Center of a finitely generated group Could you give me an example (with proof) of a finitely generated group with a not finitely generated center?
 A: Here is an example I encountered recently (which unfortunately completely wrecked a proof I was working on at the time).

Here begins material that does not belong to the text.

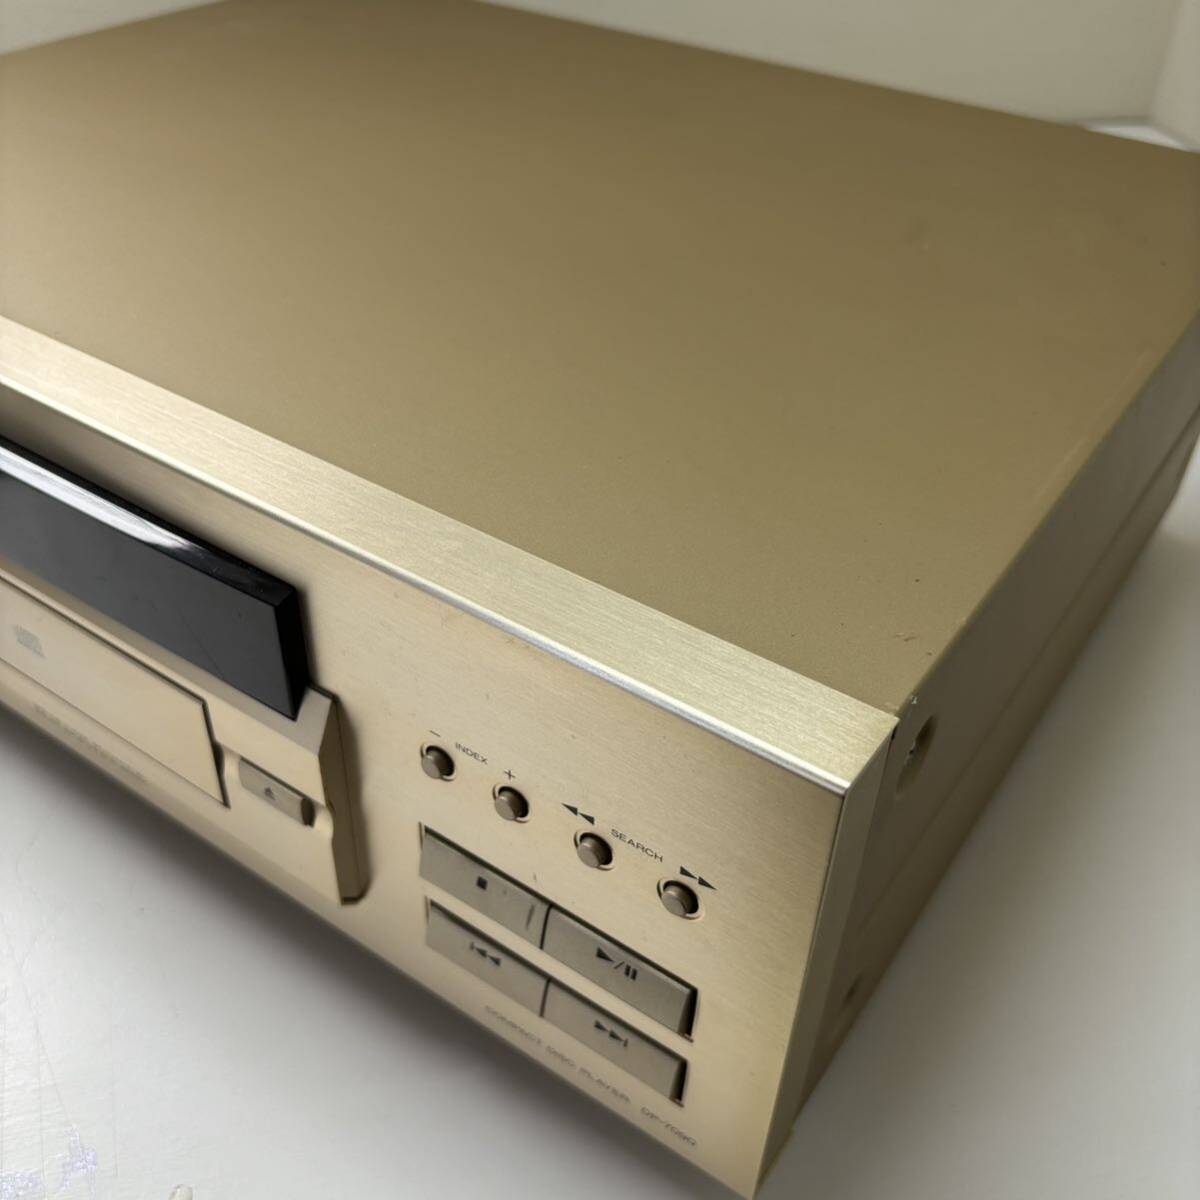 KENWOOD CD player DP-7090 compact design 22 bit D/A conversion height resolution digital filter optical digital output installing junk

Start with a covering group $N$  of an infinite elementary abelian $p$-group for a prime $p$. This is not unique, but if we choose $p$ odd, then we can make it have exponent $p$. Then $N$ has a presentation
$\langle\  y_i, z_{jk}\ (i,j,k \in \mathbb{Z}, j<k) \mid [y_j,y_k] = z_{jk}\  (j<k),\  z_{jk} {\rm\ central},\  y_i^p=z_{jk}^p=1\  \rangle.$ 
This group has an automorphism of infinite order that maps $y_i \mapsto y_{i+1}$,
$z_{jk} \mapsto z_{j+1,k+1}$.
Take the semidirect product of $N$ with an infinite cyclic group $\langle x \rangle$ inducing this automorphism, and factor out the normal closure of the elements $z_{j,j+t}^{-1} z_{j+1,j+t+1}$ for all $t>0$. This yields a 2-generator group with presentation
$\langle\  y_1, x \mid y_1^p=1, [y_j,y_k] {\rm\ central\ for\ all\ } j<k\ \rangle,$
where $y_j$ is an abbreviation for $y_1^{x^j}$. Its centre is elementary abelian and generated by the infinite set $[y_1,y_{1+t}]$ for $t>0$.
A: V. N. Remeslennikov found a finitely presented group whose center is not finitely generated.  But I didn't check his construction.
Remeslennikov, V. N.
A finitely presented group whose center is not finitely generated. (Russian) 
Algebra i Logika 13 (1974), no. 4, 450–459, 488. 
English translation: Algebra and Logic 13 (1974), no. 4, 258–264 (1975)